Sure at the top of the heap you're free to charge a halo tax. AMD can charge whatever they feel like for the 5950x. Intel has no answer for that, but through the rest of the stack you expect more performance for you dollar vs last generation.
 
AMD is able to provide the same performance as Until, while consuming less power, and no need for a new socket (how many new sockets in the last 5 years has Until introduced?), and so no need for a new motherboard, cooler, or other things - they have pretty much the same power profile. Who knows, I might be able to install one of these into my X370 motherboard within the next 6 months (I dough it, yet I can always hold on to a false hope).

If you want the best you can purchase it starting November 5, of this year. And you can not expect Until's Rocket Lake until March of next year - at the earliest, and since it requires more power to do less, even with PCIe gen 4, I don't expect much - maybe a big (14 nm) SMALL (10mn) hybird?

Pricing. So, would you be willing to spend 2X+ as much for just a .8 improvement? That is what you get going from nVidia's RTX 3080 to RTX 3090. The Ryzen 5 5600X is a 20% price increase for a 19% performance improvement - the only one where it closely matches up. For the 9 5950X it is like a 6.7% (.067) price hike for a 19% (.19) improvement. Remind me, doesn't Until increase the price with each new generation?

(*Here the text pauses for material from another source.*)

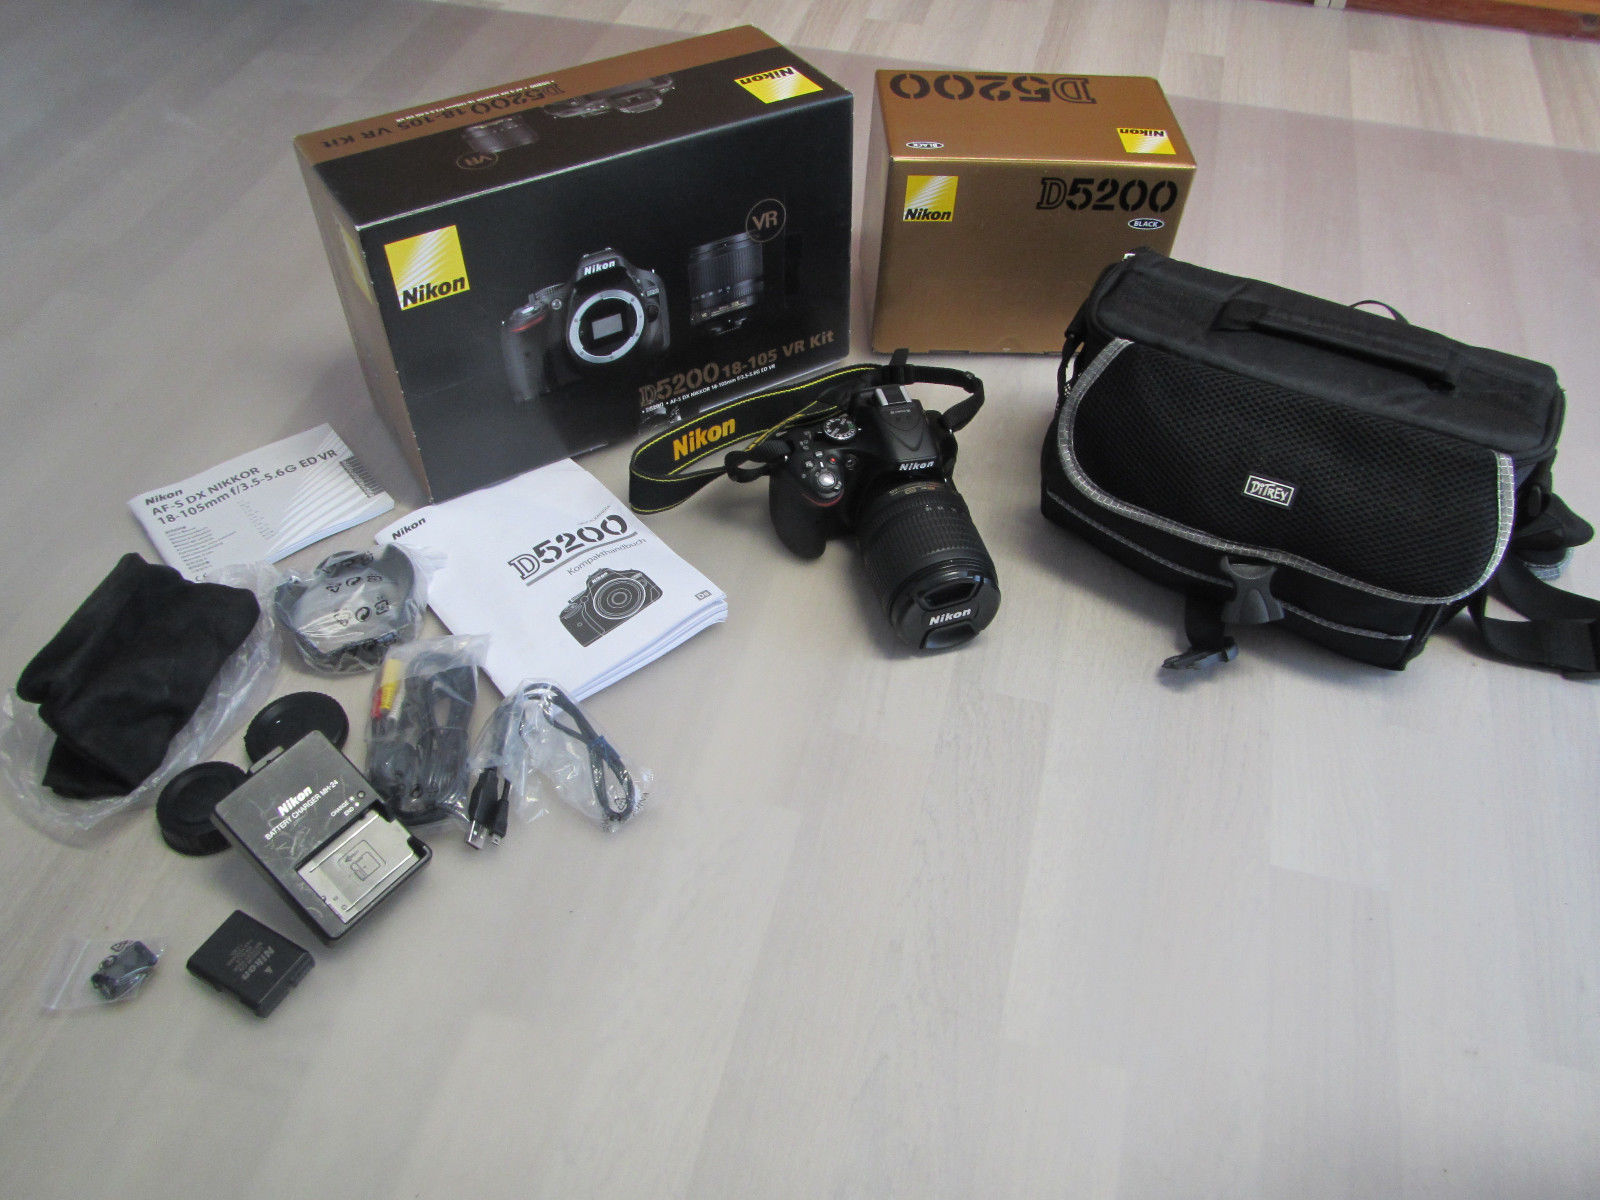 Nikon D5200 Kit mit 18-105mm Objektiv - digitale Spiegelreflexkamera TOP mit OVP

I will upgrade my current CPU to something like a Zen 2 Ryzen 9 3900, and then in a couple years build a new AMD with a AM5 socket and Zen 4 or 5 chipset. This is great, Until finally has a true challenge.
 
Pricing. So, would you be willing to spend 2X+ as much for just a .8 improvement? That is what you get going from nVidia's RTX 3080 to RTX 3090. The Ryzen 5 5600X is a 20% price increase for a 19% performance improvement - the only one where it closely matches up. For the 9 5950X it is like a 6.7% (.067) price hike for a 19% (.19) improvement. Remind me, doesn't Until increase the price with each new generation?
Come on man. I'm not talking about price scaling within the stack. I'm talking about price/performance vs current competition/last generation. An RTX 3090 is about 40% cheaper than the outgoing Titan RTX while performing about 40% better in games, with much better scaling in computational apps. That is a massive price/performance improvement from last generation. In order for the 5950X to duplicate the same improvement vs the outgoing $750 3950x, the 5950x would have to be under $375, not the $800 AMD is charging.
 
@spongiemaster You address the first part of the paragraph, yet neglect the second part. Ok, you can't have nVidia's generational leap from RTX Titan to RTX 3090 and the reduced price (suggesting that it may of been overpriced to begin with?) with the current AMD RyZens, yet going from the FX 8### or 9### (Bulldozer line of chips) to the RyZen you got it. So, what about the second part of the paragraph where I show you are getting more than your money's worth for an extra $50, unless we are talking about the 5600X where you break even?
 
Intel enthusiasts: "Intel charges premium prices for a premium gaming product that I will happily pay even that's the only metric they excel in!"
Also Intel enthusiasts: "No one will ever buy these new 'superior in every single metric' 5000 series ryzens, they're too expensive, now that pricing is close to Intels!"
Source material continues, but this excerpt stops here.